Dear Benny: My parents (now in their 80s) own a four-plex with my brother and his wife as joint tenants with right of survivorship.
They agreed to a 50/50 partnership at the beginning. Both couples agree that if they died their respective 50 percent share would go to their respective estate and not to the remaining partners.
Question 1: Shouldn’t they have the title redrawn as tenants in common to do what they initially intended?
Question 2: If my brother and his wife refuse to go along with changing the title to the property to tenants in common, which they may not want to do, can my parents proceed to change it without their partners’ consent?
My brother and his wife have made it very clear that they want their 50 percent share to go to their kids in the case of their death, but they may be banking on acquiring 100 percent of property upon my parents’ death (because of their advanced age) if the title stays the way it is. –Meg
Dear Meg: The four-plex, in my opinion, is titled in a very confusing way.
When property is held as joint tenants — or, preferably, joint tenants with rights of survivorship — on the death of one joint tenant the property automatically is vested in the name of the survivor.
We lawyers call this “title by operation of law.” So if X and Y own title as joint tenants, when X dies Y becomes the sole owner. No probate is required.
In your parents’ situation, what happens if your dad dies? Presumably, the remaining three owners remain in title, again as joint tenants.
But if the intention of the parties was their respective heirs are to inherit the property on their death, that will not happen the way the title is currently held.

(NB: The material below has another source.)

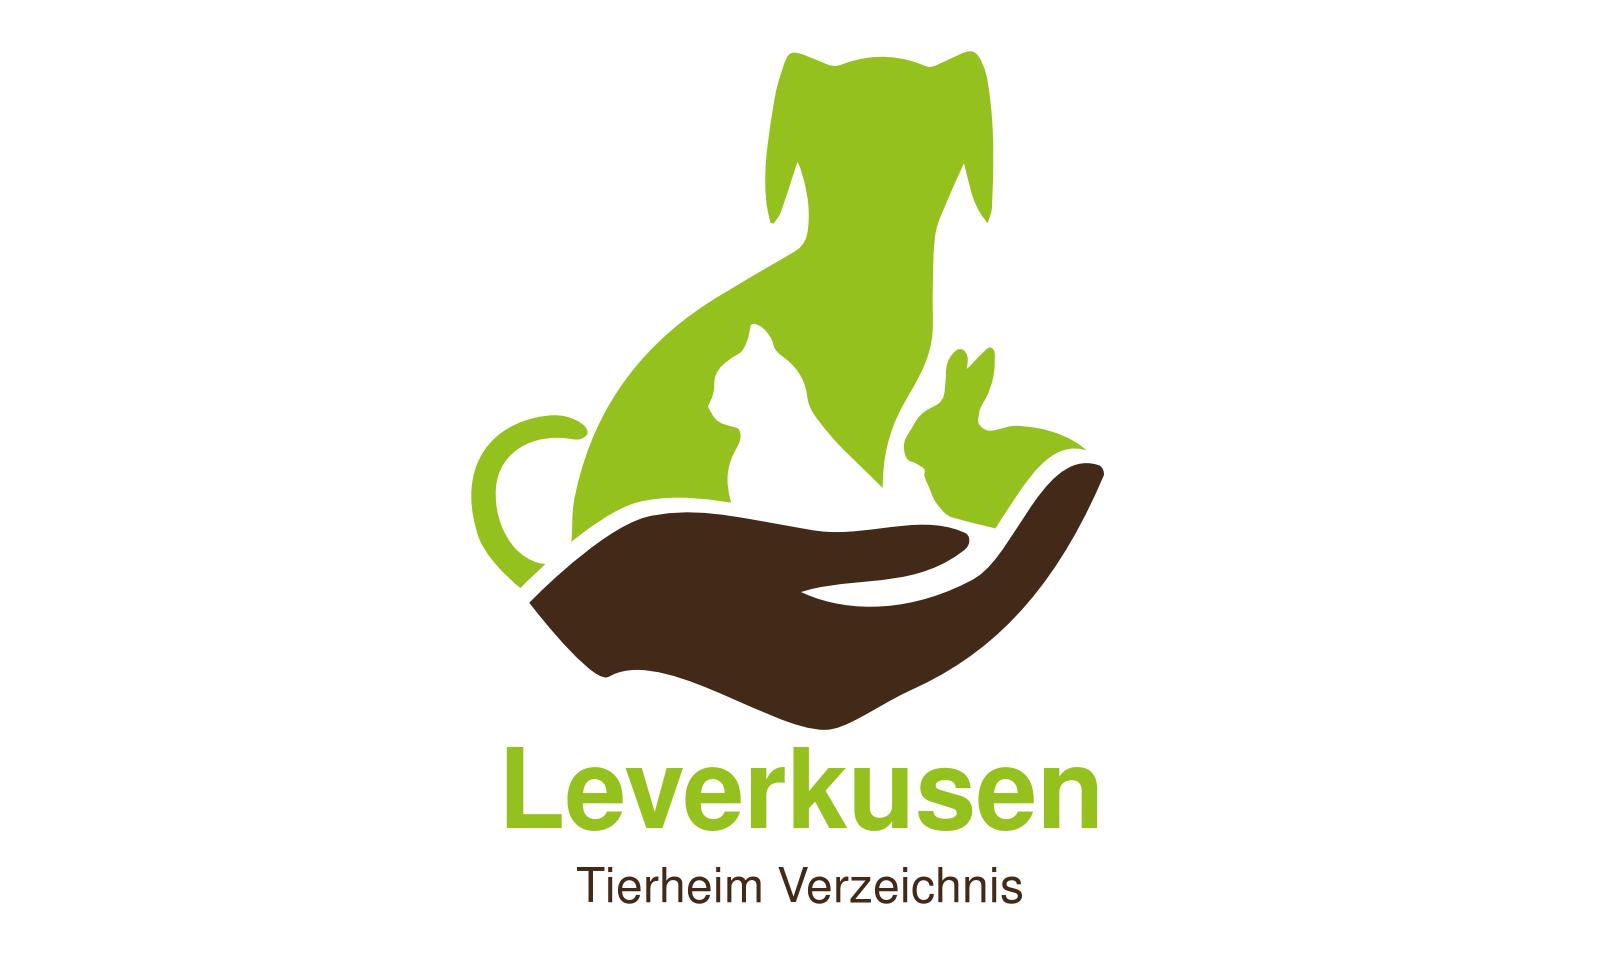 Tierheim Leverkusen

The best way to accomplish that is as follows: Mom and dad as joint tenants with rights of survivorship as to their interest and as tenants in common with brother and wife, who hold title as joint tenants with rights of survivorship as to their interest.
Your parents should discuss this with their son. You should stay out of this issue, other than to show them my answer in this column. But if your brother is unwilling to cooperate, it is possible for your parents — without their son’s permission — to break the joint tenancy arrangement and change it to a tenant-in-common title.

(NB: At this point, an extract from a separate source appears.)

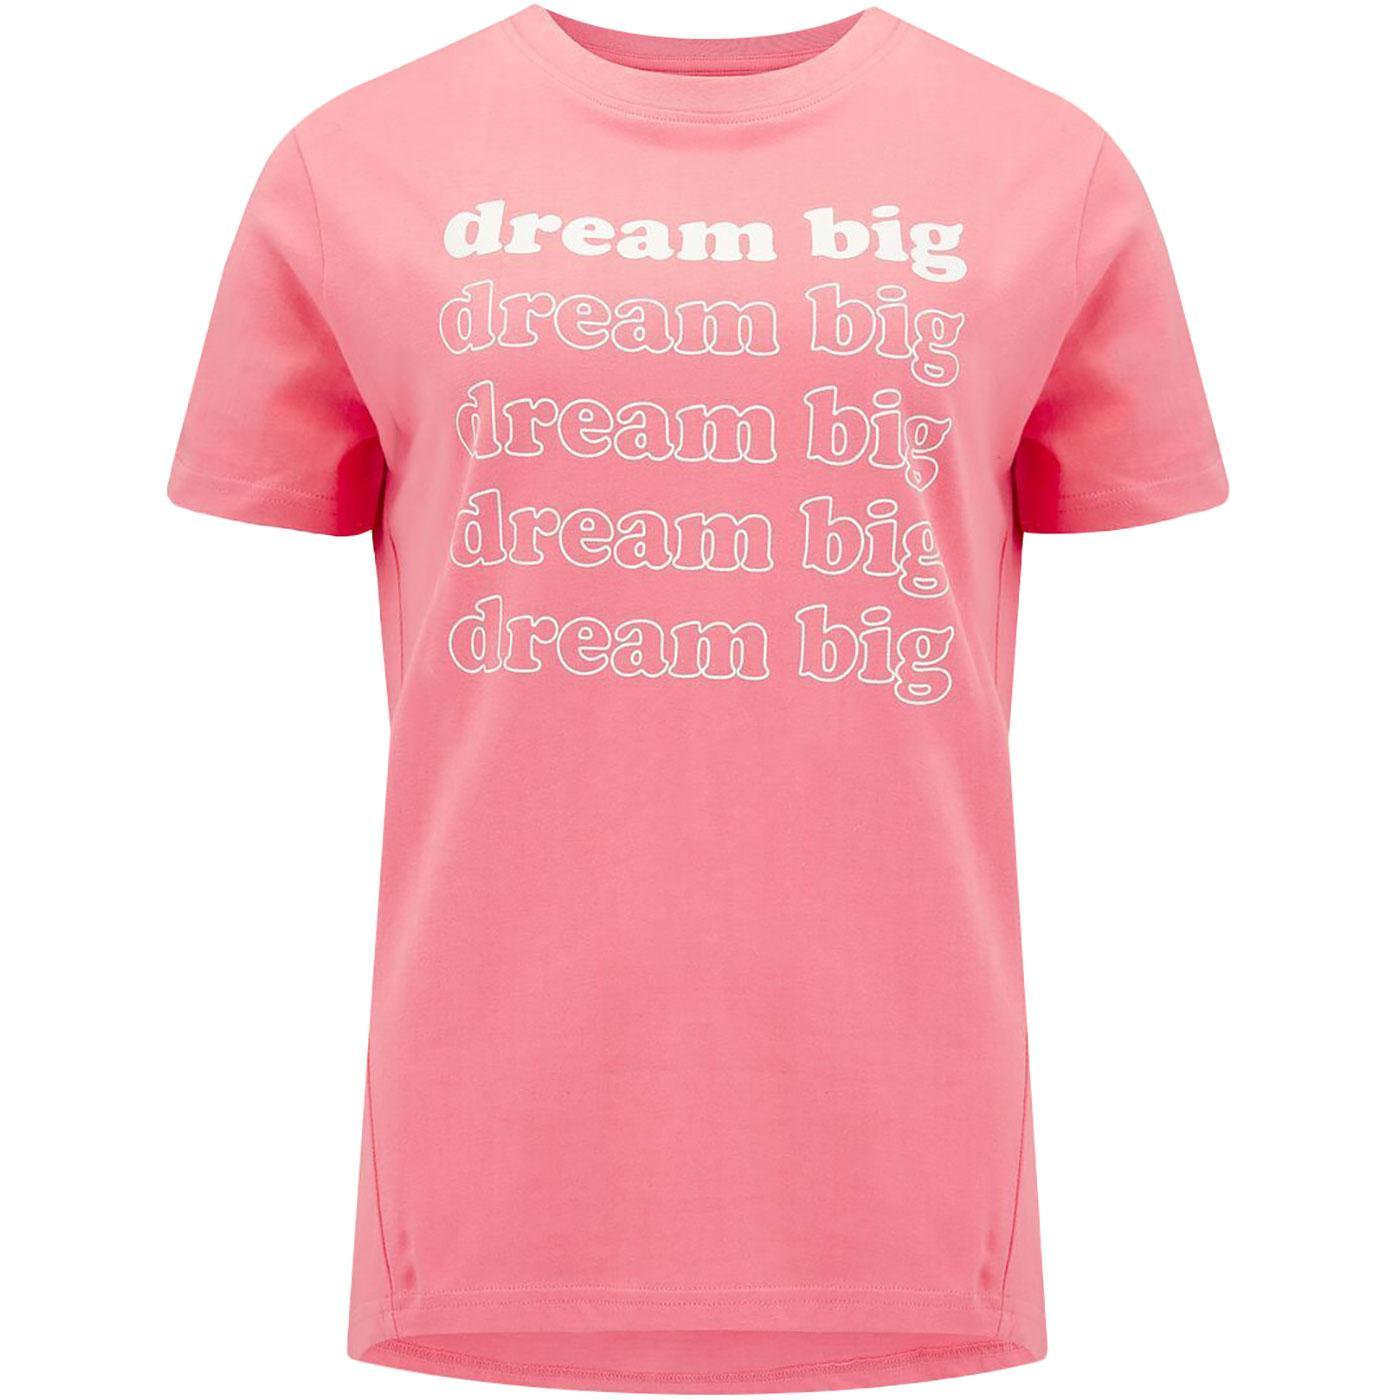 Mimi SUGARHILL BRIGHTON Dream Big Retro Slogan Tee

I have done this several times for clients, under similar situations. A joint tenancy can be unilaterally broken. However, your parents should consult their own attorney to assist them in the proper procedure and drafting of the new title arrangement.
Dear Benny: In a recent column, you indicated that a giftor’s lifetime tax exemption is $1 million.
However, after searching this out, I believe that for 2011 the lifetime gift tax exemption is $5 million, which is the same as the federal estate tax exemption. Am I wrong? –Frank
Dear Frank: You are correct.
For years 2011 and 2012, the lifetime gift tax exemption is $5 million. This is the same amount as the federal estate tax exemption.
What this means is that in your lifetime, you can give up to that amount. However, there is a catch: This amount will then be subtracted from your estate tax exemption.
That does not mean, however, that you should give all that money to your children tomorrow. In addition to the lifetime exemption, you are still entitled to the annual gift tax exclusion, which for 2011 is $13,000.
That means that you can give up to that amount to anyone and everyone, and neither you nor the recipients will have to file any tax returns on that, nor will they have to pay any tax. And the $13,000 annual exclusion does not reduce your lifetime $5 million gift and estate tax exemption.
This is beneficial for parents who want to help their married children buy a house. For example, if you have a married son and a married daughter, you can give each one of them $13,000 (or $26,000 per couple). You can also give the same amount to all of your grandchildren.
It should be noted that although the $5 million gift and estate tax exemption passed by Congress is the law until 2012, there is a good chance that the exemption will continue in at least that amount in later years.